Again, let’s let A, B, and C be constants and let’s let X and Y be 2 independent random variables.
Independence is key here. Then we have the following properties for variances.
The variance of X plus a constant is just the variance of X.
Remember what we did with data where if we just add a constant to everything, it doesn’t spread anything out more or less.
It just picks up the distribution and moves it. Same thing with random variables.
We’re not spreading anything out more. We’re just picking up the distribution and moving it.
The variance of A times X is equal to A squared times the variance of X.
If X and Y are independent, then the variance of X plus Y is equal to the variance of X minus Y
which is equal to the sum of the variances of each of those two variables.
Finally, the variance of A times X plus B times Y plus C is equal to A squared
times the variance of X plus B squared times the variance of Y.
Let’s find the variance for the Two Dice Game.
We assume that the variance of the value of a second roll is 1.98.
What’s the variance of our score 3X minus 2Y plus 1?
What is the standard deviation?
Here’s the solution. The variance of 3X minus 2Y plus 1 is equal to 3-squared or 9 times the variance of X plus 4
or 2-squared times the variance of Y which gives us 21.169.
The standard deviation should is just the square root of that or 5.401.
What does this show us?
Well, it shows that adding more random variables into the situation increases the amount
of variation in the values of these functions of the random variables.
That’s not unexpected.
Each of these random variables has an amount of variability attached to it.
We have to account for both of those when we deal with both of those random variables.
Let’s look at just a little but at continuous random variables; just a few notes on this.
Often, random phenomena are modeled with continuous random variables.
We have seen some examples of this already.
For instance, with the normal model.
This is a continuous distribution that’s used to model continuous random variables.

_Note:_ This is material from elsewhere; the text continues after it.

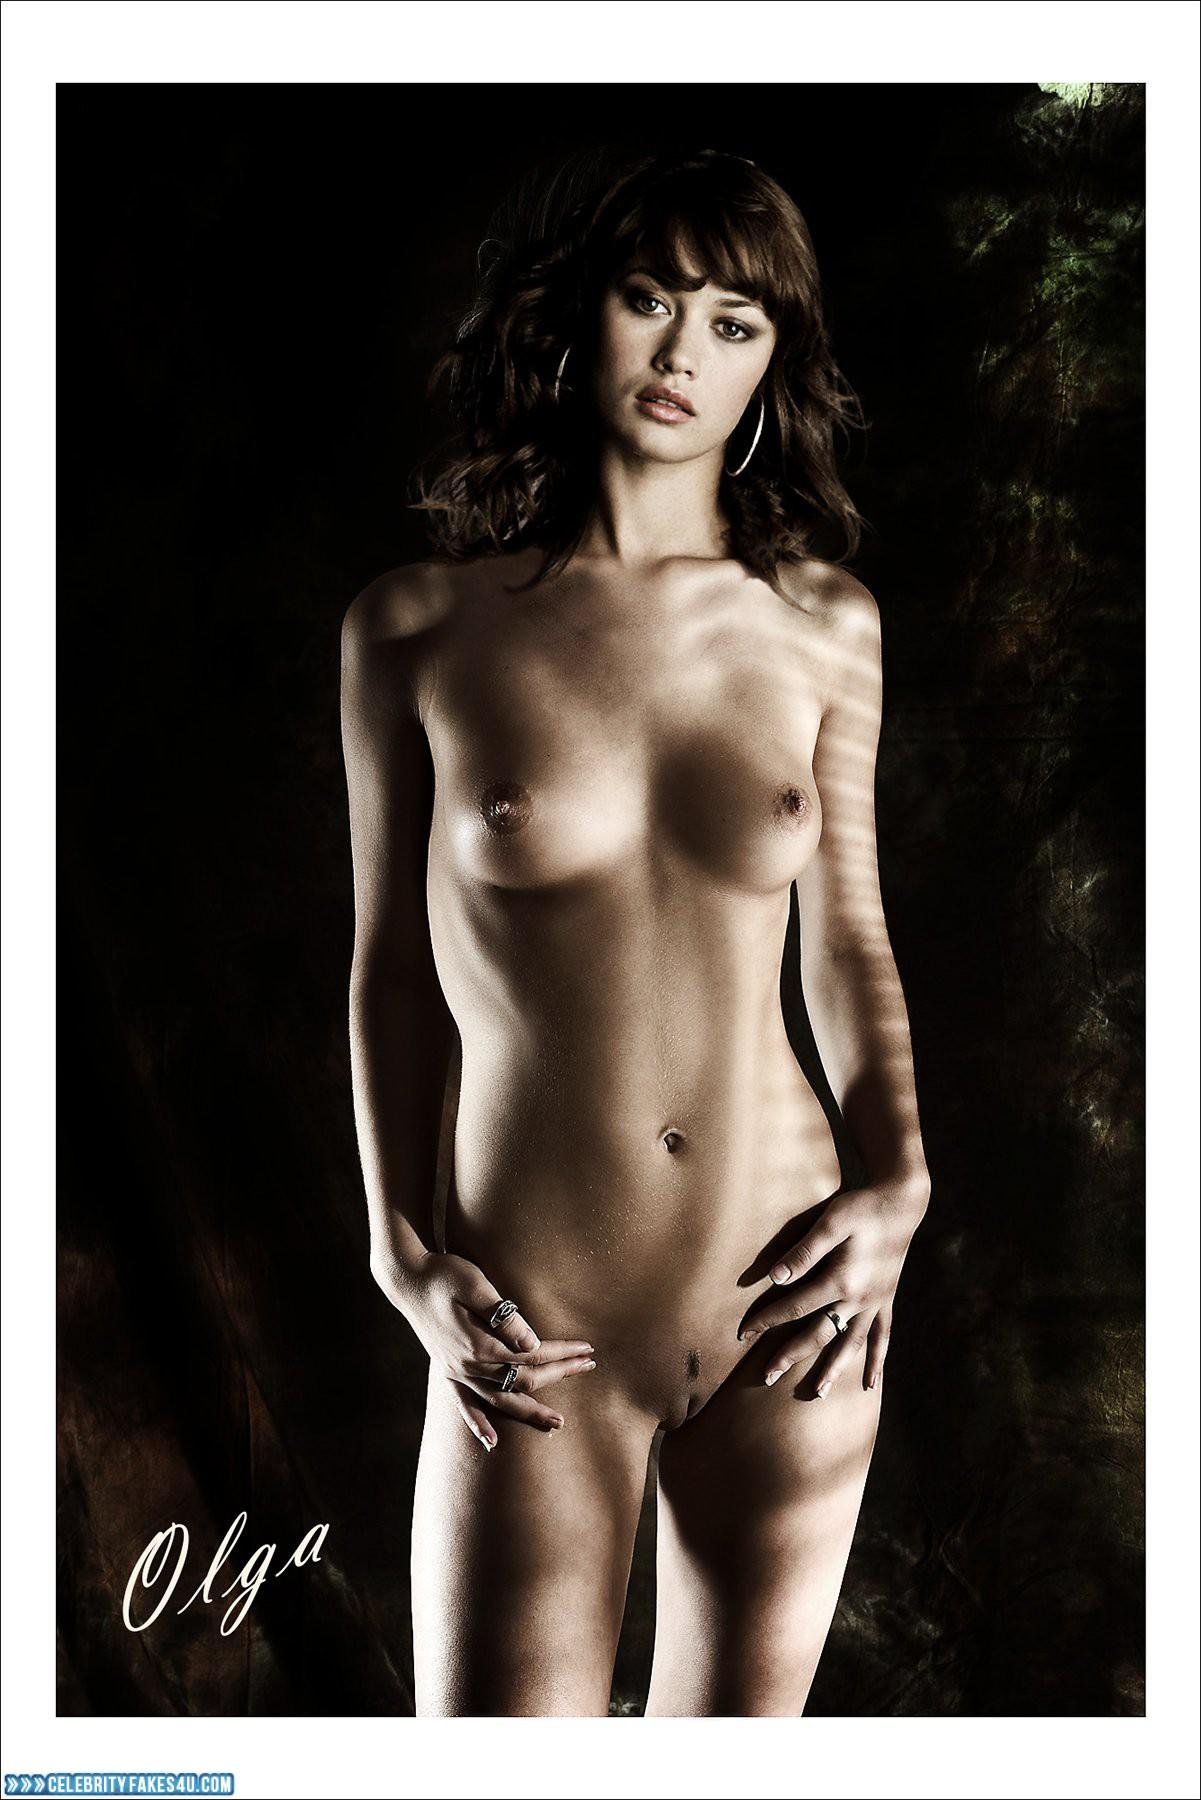 Actriz Porno Olga olga kurylenko nude body tits celebrityfakes u com gallery

We won't deal with calculating expected values and variances for continuous random variables simply
because this involves calculus and, for this course, we don’t assume that.
We can do a lot of things wrong when using probability models and random variables.

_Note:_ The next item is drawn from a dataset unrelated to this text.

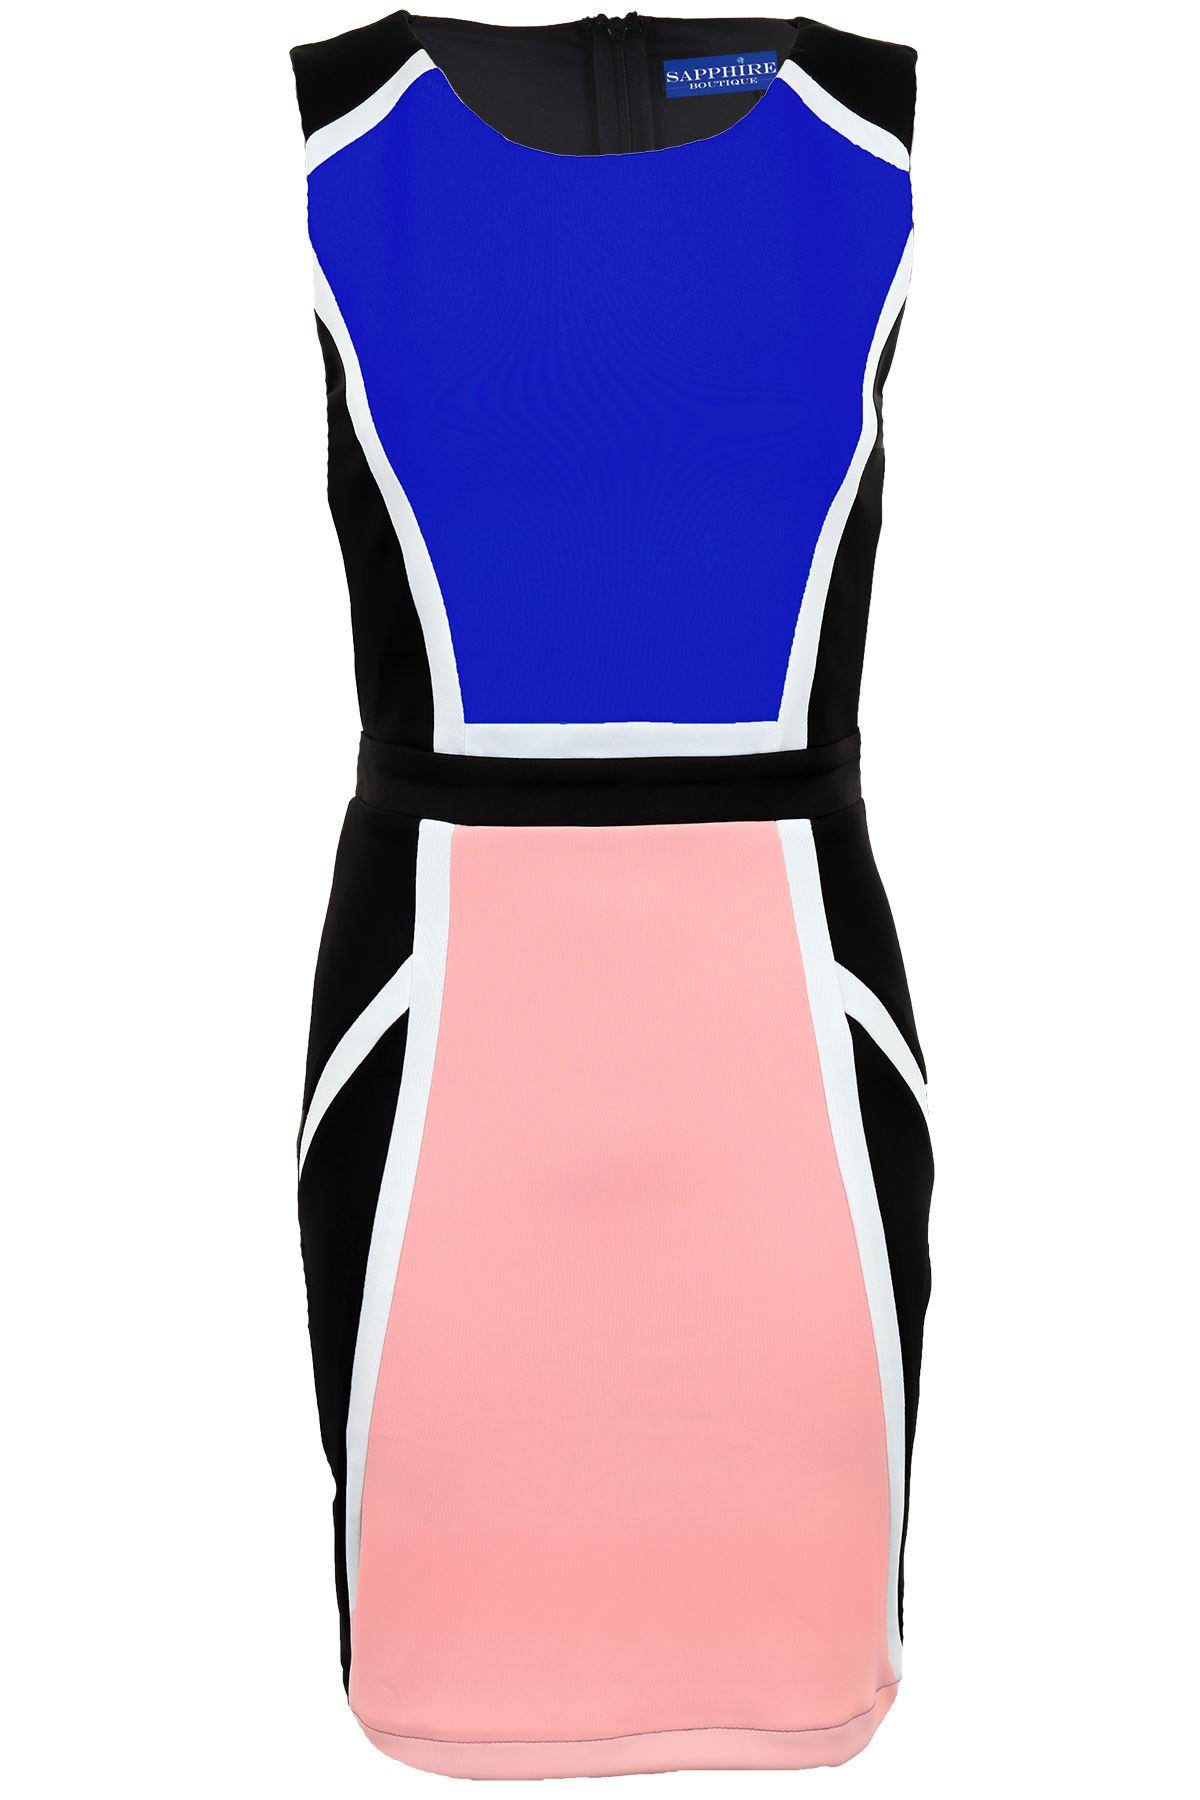 Ladies Sleeveless Black Contrast Abstract Panel Evening Smart Bodycon Dress

We need to look at the pitfalls that we need to avoid.
Models are not always and, in fact, they’re almost never right.
Some probabilities are based off models and you should question your probabilities just as you would data collection
because you should question whether or not the model seems reasonable.
If the model is wrong, so is everything else.
We wanna be careful of variables that are not independent.
Expected values always add together. This is not the case for variances.
If 2 random variables are not independent, then the variances won’t add.
The variables have to be independent in order for the variances to add.
Variances of independent random variables add. Standard deviations do not.
Variances of independent random variables add even when you’re looking at the difference between the two variables.
That’s important. Whether it’s X plus Y or X minus Y, if they’re independent,
the variance of that function is the sum of the variances of each of those random variables.
All right, so what have we done? We described what random variables are.
We described probability models.
We did a couple of examples with the discrete random variable and found expected values and variances.
We looked at the common issues in probability models and random variables.
This is the end of Lecture 13 and we’ll see you back here for Lecture 14.